As was to be expected, “left” Labour luminaries are now clutching onto the coat-tails of this momentous grass-roots revolt for all they are worth in the hope of getting some reflected glory and a few more working class votes. The reality however is that blacklist operations have been in full swing throughout Tory and Labour administrations alike, an immutable necessity for the functioning of the secret state.
What’s more, when the notorious Consulting Association was busted in 2009, the then Labour government declined the opportunity to criminalise the actual practice of blacklisting itself, outlawing only such instances where it could be proved that someone had been forbidden employment on the sole grounds of a negative comment on a blacklisting database – a basically impossible requirement which lets MacAlpine and the rest of the unsavoury bunch completely off the hook.
Unite: the gloves come off?
On 19 March Len McCluskey took to the columns of the Guardian with an article with the promising title ‘Unions must be able to fight for workers – even if it means breaking bad laws’. He reported that the previous week Unite had decided to recommend ” the deletion from our rules of six little words that have governed our union’s actions: ‘so far as may be lawful’“.
McCluskey reassures the fainthearted that ” Our executive wants these words gone not because we are anarchists, not because we are suddenly planning a bank robbery, but because we have to ask ourselves the question: can we any longer make that commitment to stick, under any and all circumstances, within the law as it stands ?”
The answer, coyly withheld until the final paragraph, is basically No. ” When the law is misguided, when it oppresses the people and removes their freedoms, can we respect it?

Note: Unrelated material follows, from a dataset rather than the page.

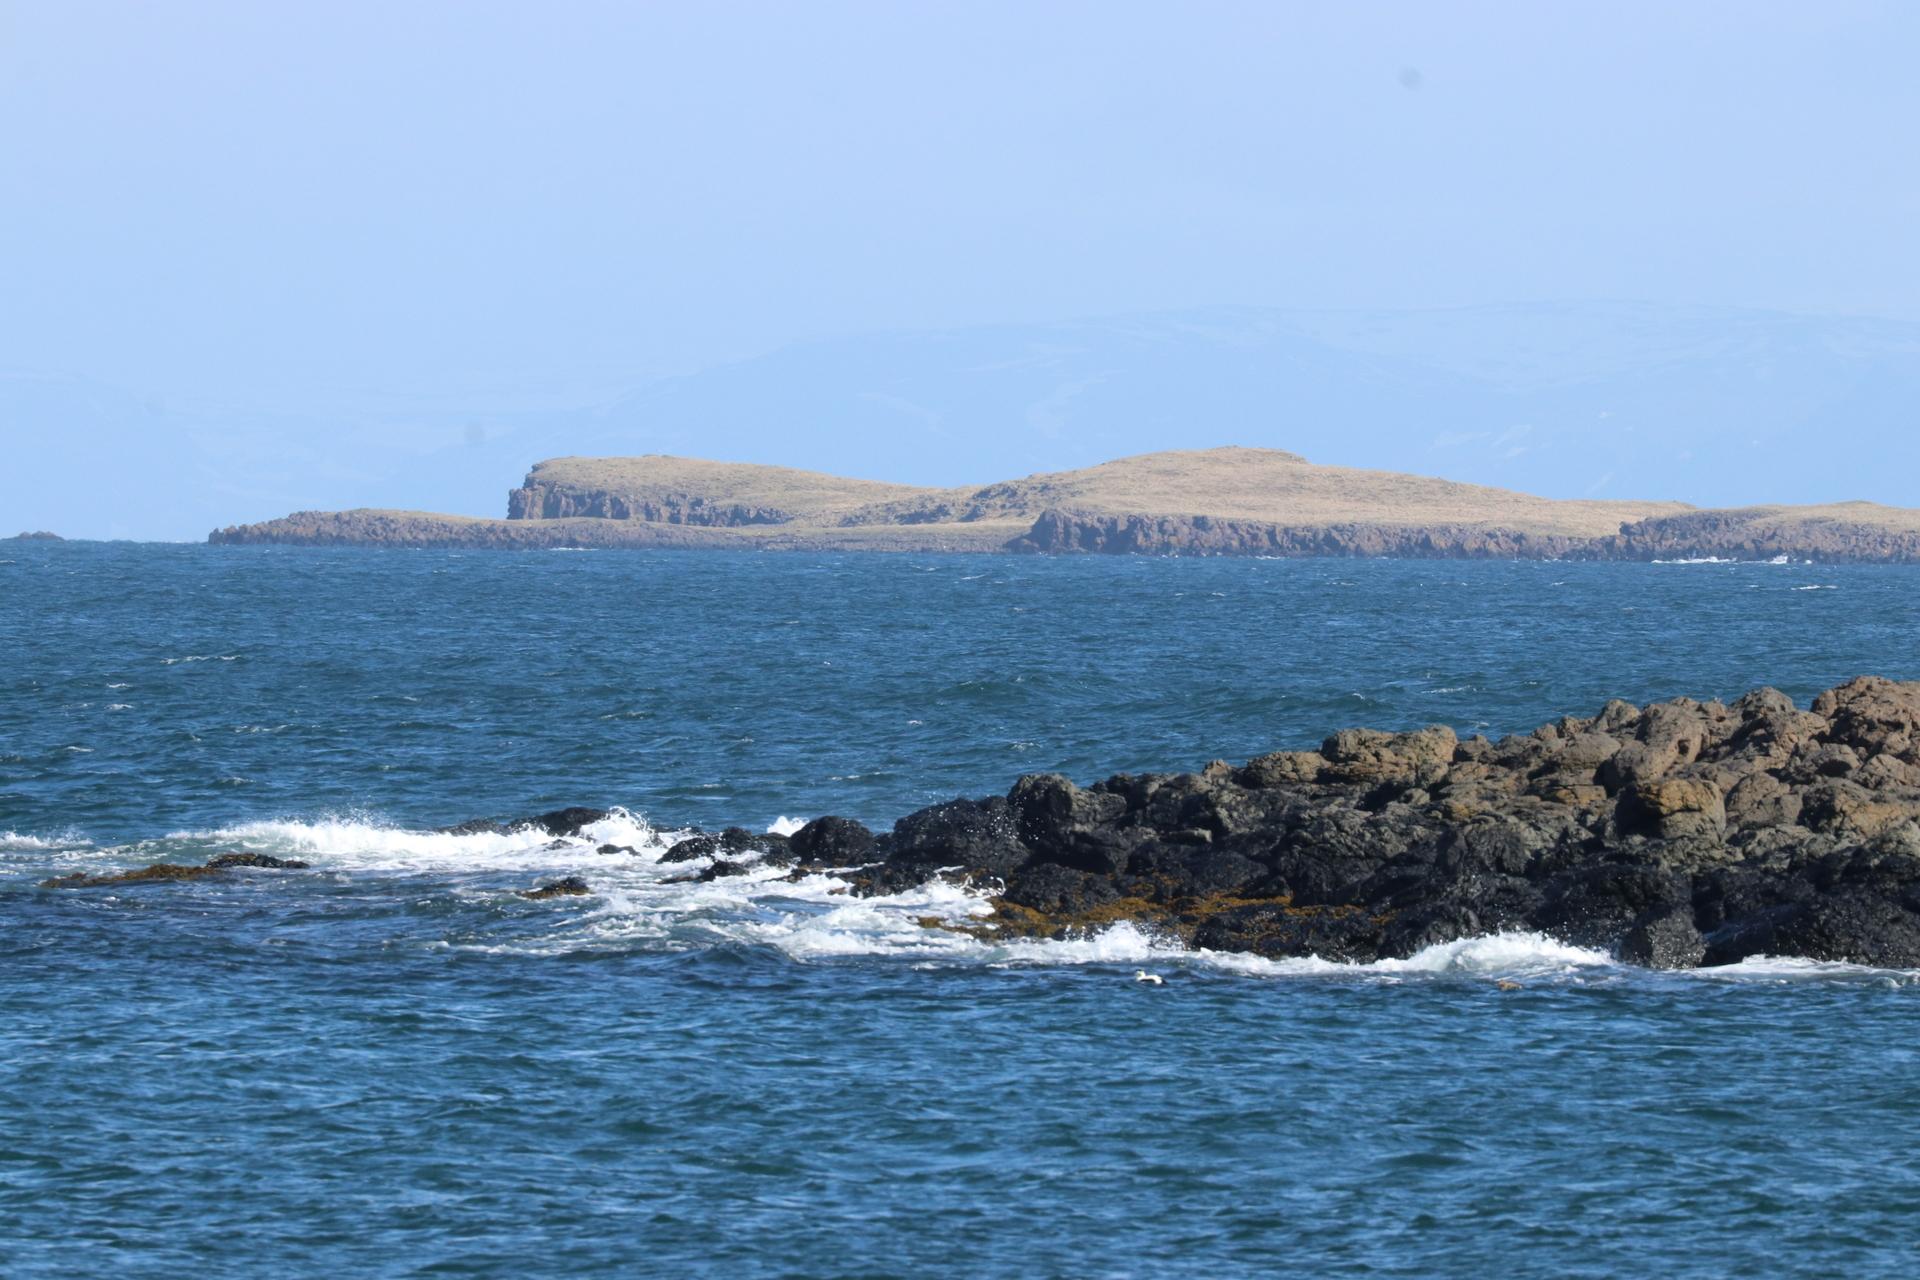 Breiðafjörður er eitt mikilvægasta varpsvæði æðarfugls á Íslandi. Eyjarnar eru varpstaðir og þangsvæðin uppeldisstöðvar fyrir ungana.

I am not really posing the question. I’m giving you the answer. It ain’t going to happen.”
McCluskey points out the way in which the vagaries of the postal ballot undoubtedly help capitalism to sow confusion and litigation whenever a strike ballot is under way, and seems to unveil a plan whereby future ballots will be conducted electronically. ” We will drive forward with modern technology and use it to increase turnouts in our ballots without being shackled by prescriptions – such as postal ballots – imposed in another age. We are not going to let the Tories destroy our democracy by shackling us to archaic procedures .”
What this ignores is the fact that, under both Tory and Labour regimes ,”our democracy” has been comprehensively violated by legislation that dares to impose preconditions on the exercise of the right to strike.
In truth the right to strike, curtailed as it is in practice, is not really “hanging by a thread” (as McCluskey suggests) but has long since ceased to have any real meaning at all. Modernising the method by which unions submit to state scrutiny of their internal affairs does not deal with this fundamental reality.
McCluskey is right: unions should resume their proper function and act as fighting organs of the working class. Yet so long as the argument is cast exclusively in terms of the need to struggle against evil Tory governments, letting Labour off scot free, the real character of the political struggle of labour versus capital will remain obscured. He tells us that the Labour victory in 1997 was “one of the happiest days of my life“, and it is clear that even after experiencing what followed he still preserves the belief that a vote for Miliband will somehow soften the blows of austerity and give the unions a fairer deal in the courts. The happiest day for the trade union movement will be when it wrenches itself free from its enslavement to the imperialist Labour party and uproots the debilitating influence of social democracy.